Provided data:

+===+

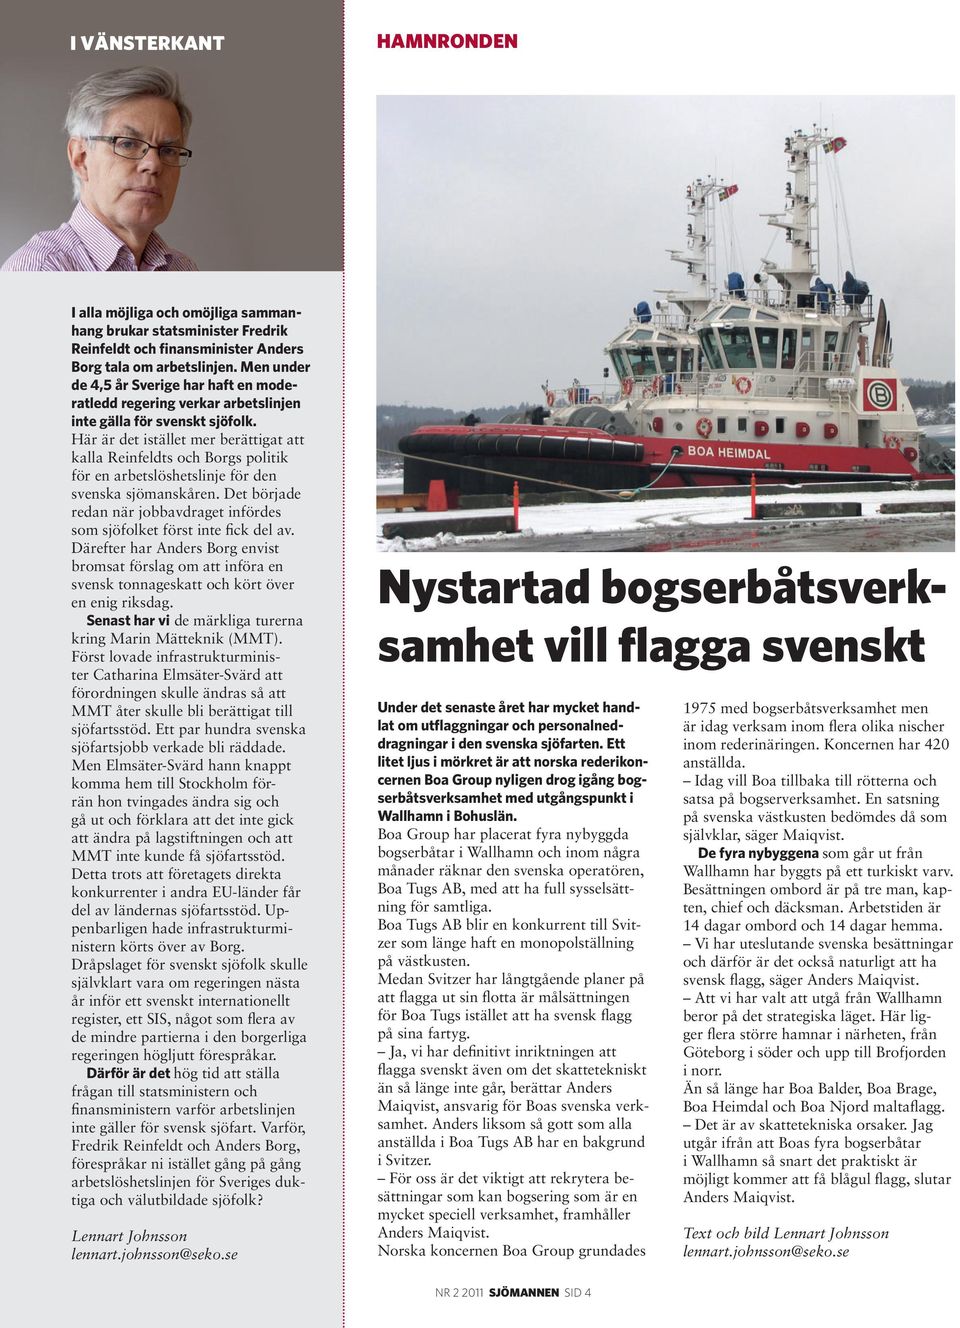 Här är det istället mer berättigat att kalla Reinfeldts och Borgs politik för en arbetslöshetslinje för den svenska sjömanskåren.
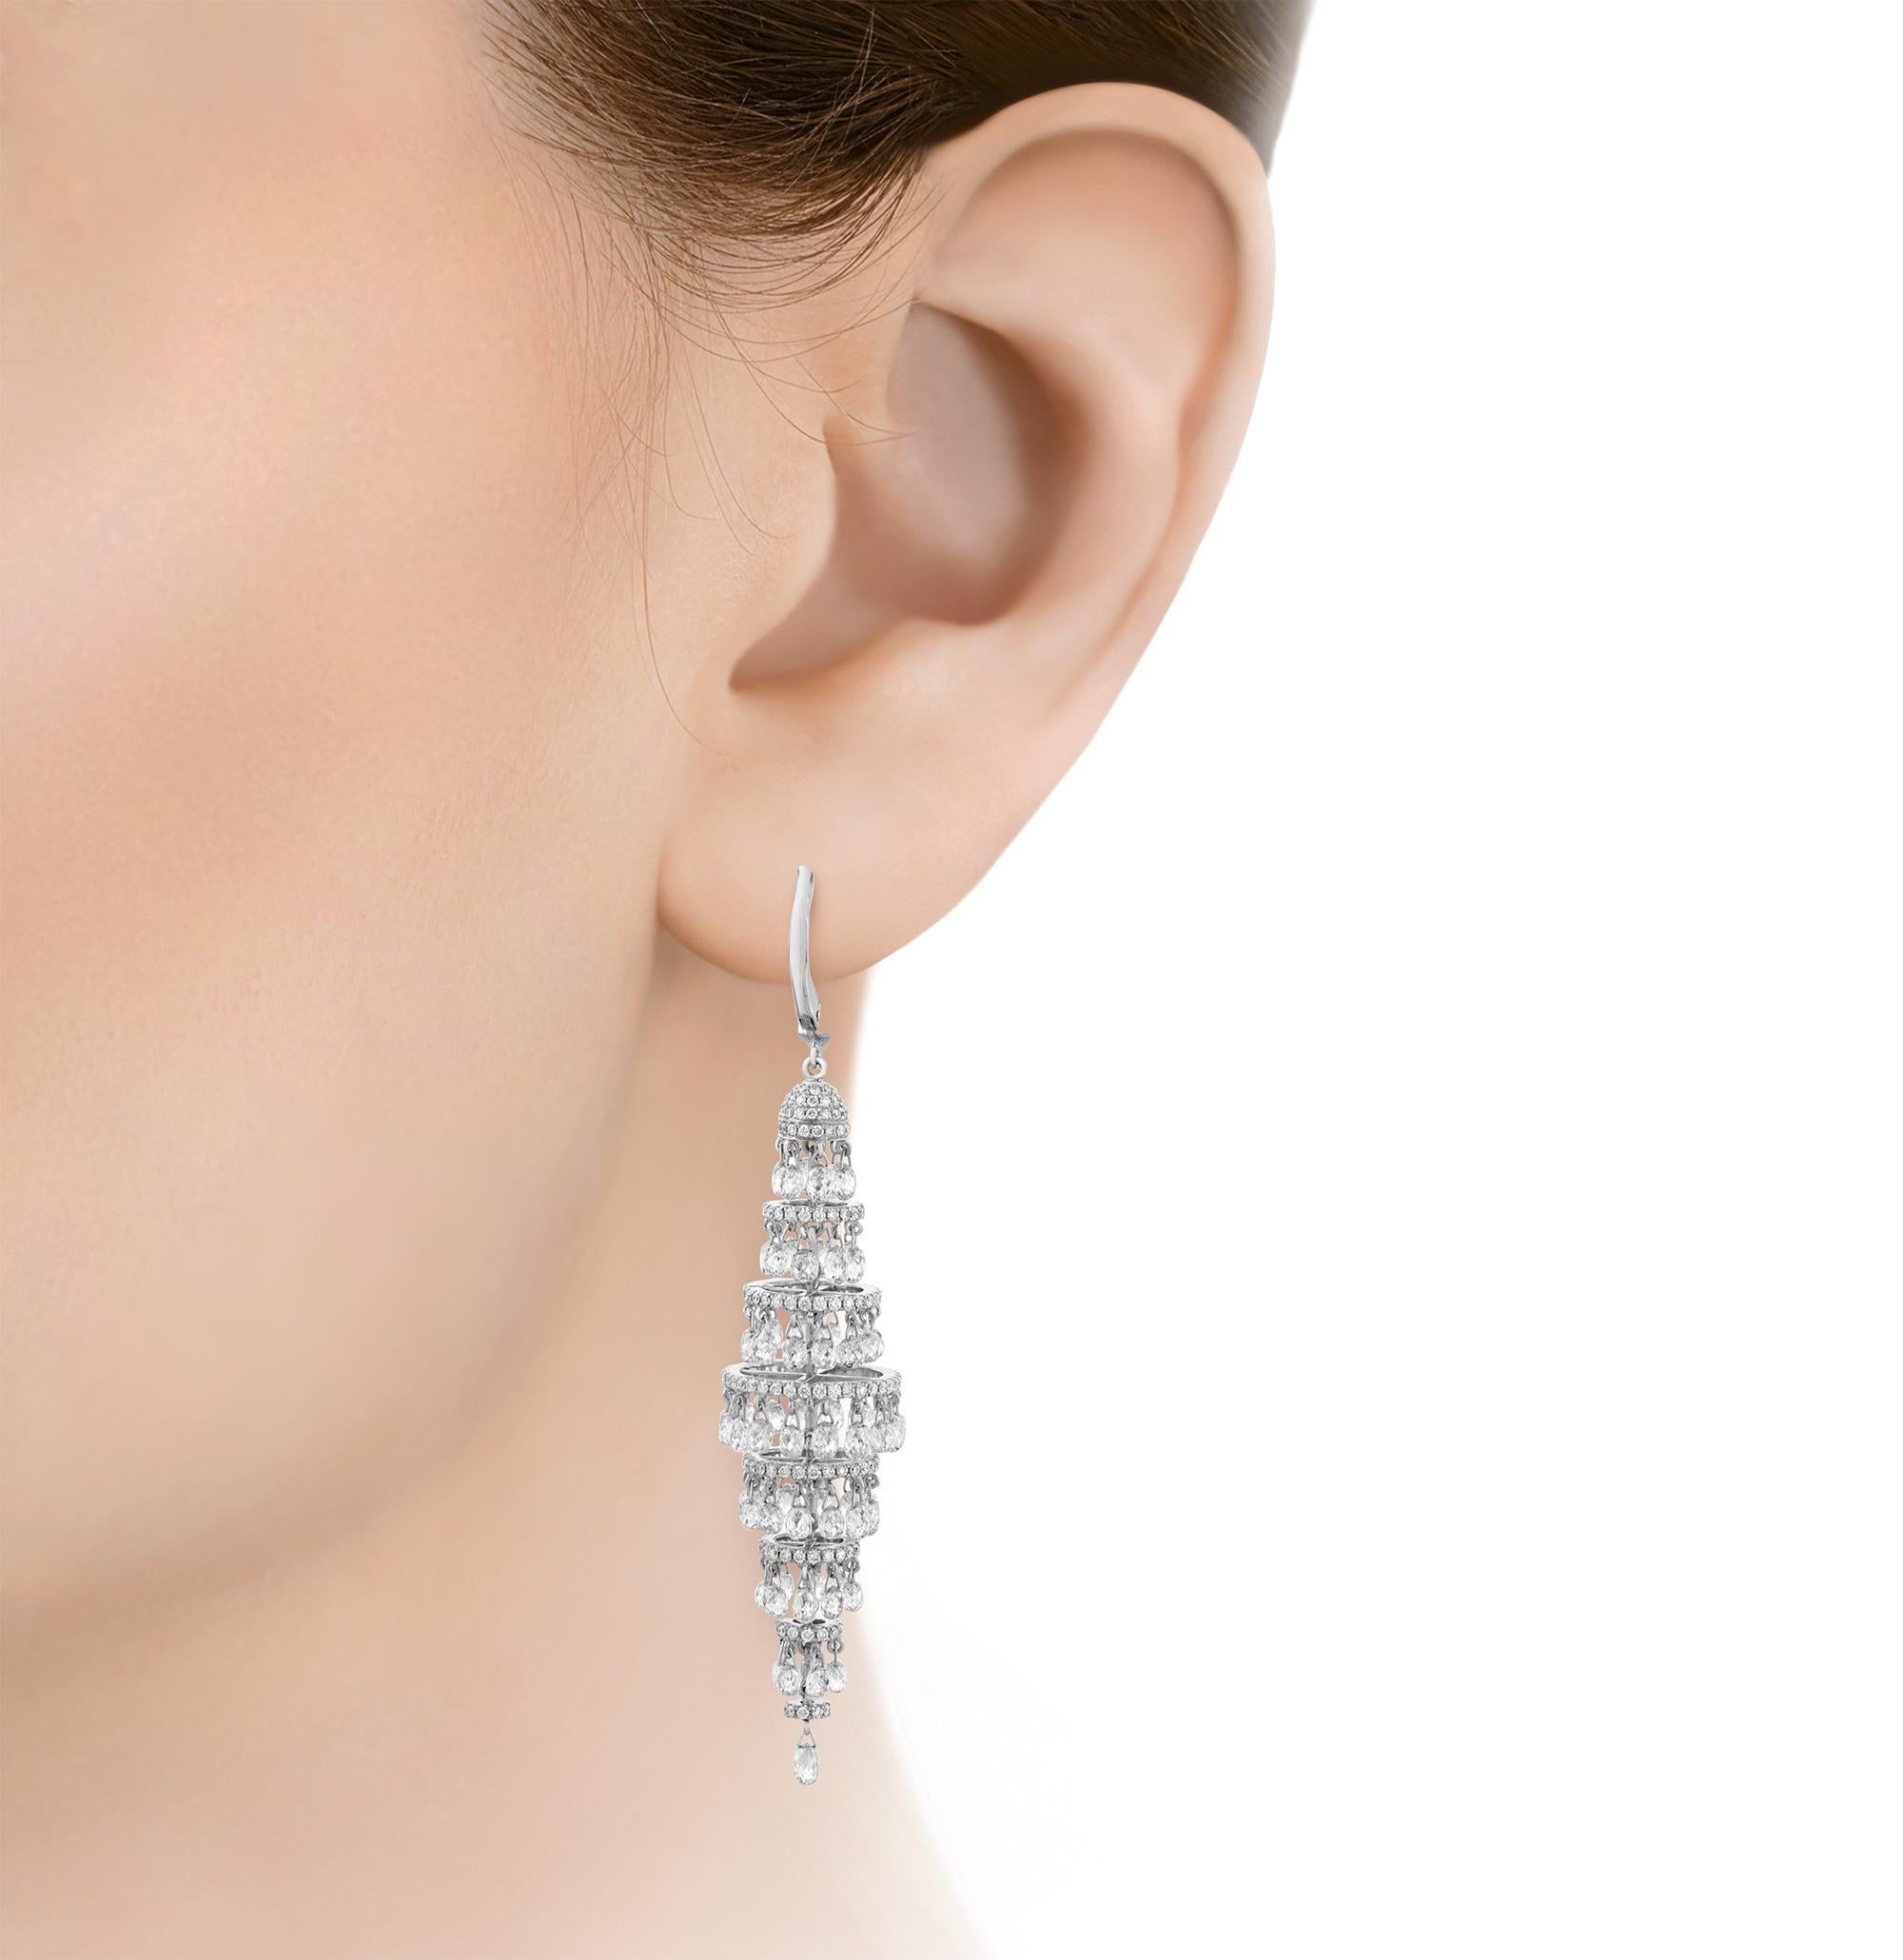 D'un luxe intemporel, cette paire de boucles d'oreilles chandelier rayonnante présente un impressionnant éventail de diamants ronds de taille brillant et briolette totalisant 19,83 carats. Les pierres éblouissantes cascadent avec art dans une
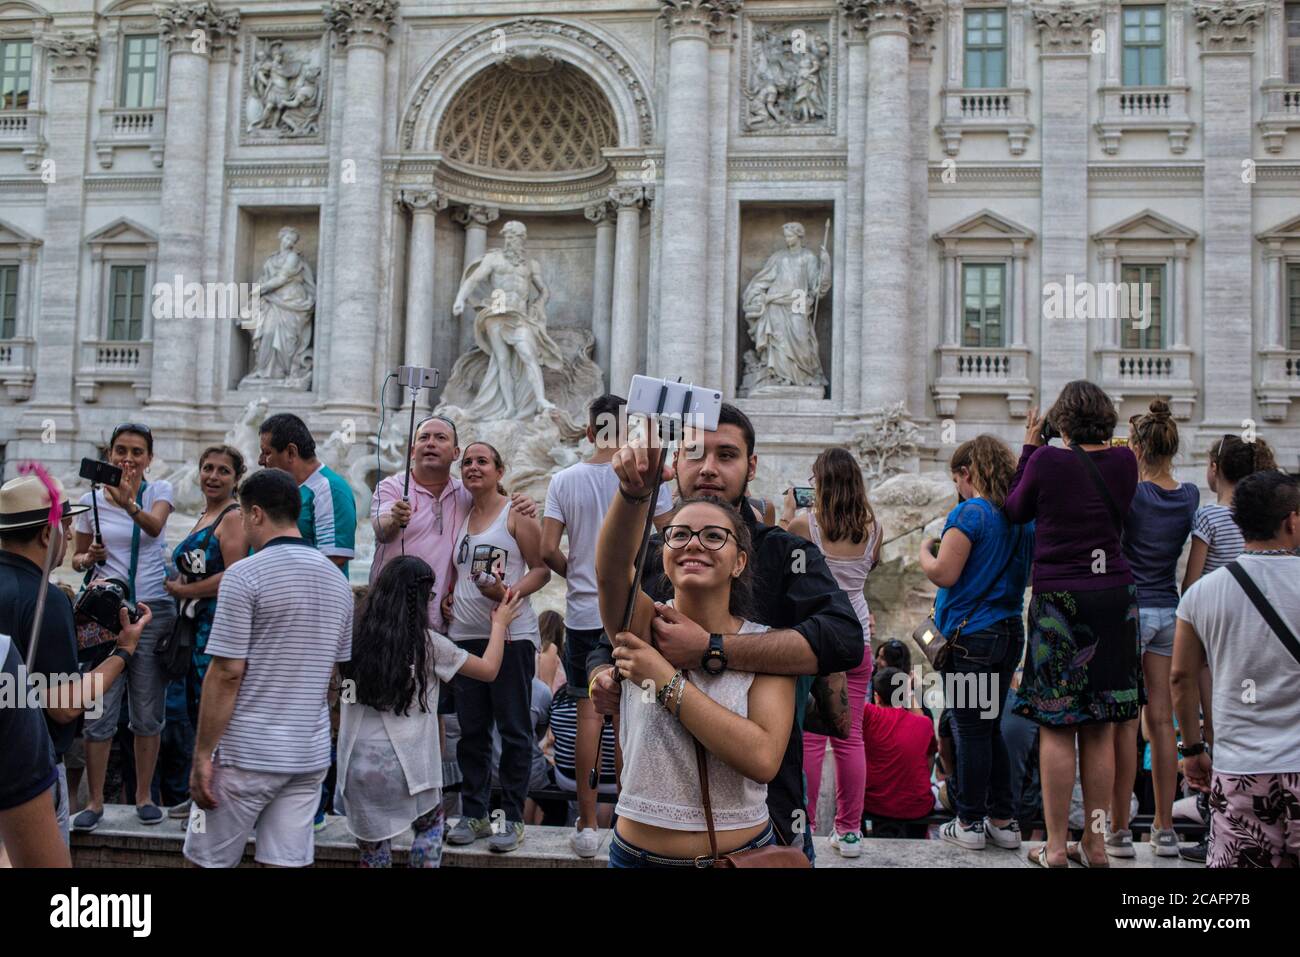 Europe - Italie, capitale Rome: Touriste prendre un "selfie" à la fontaine de Trevi qui est l'un des endroits les plus populaires de Rome, des milliers de personnes Banque D'Images

+===+

Directions:
Transcribe all of the material exactly and leave out its pictures.

Output for this exercise:
 Här är det istället mer berättigat att kalla Reinfeldts och Borgs politik för en arbetslöshetslinje för den svenska sjömanskåren.
 D'un luxe intemporel, cette paire de boucles d'oreilles chandelier rayonnante présente un impressionnant éventail de diamants ronds de taille brillant et briolette totalisant 19,83 carats. Les pierres éblouissantes cascadent avec art dans une
 Europe - Italie, capitale Rome: Touriste prendre un "selfie" à la fontaine de Trevi qui est l'un des endroits les plus populaires de Rome, des milliers de personnes Banque D'Images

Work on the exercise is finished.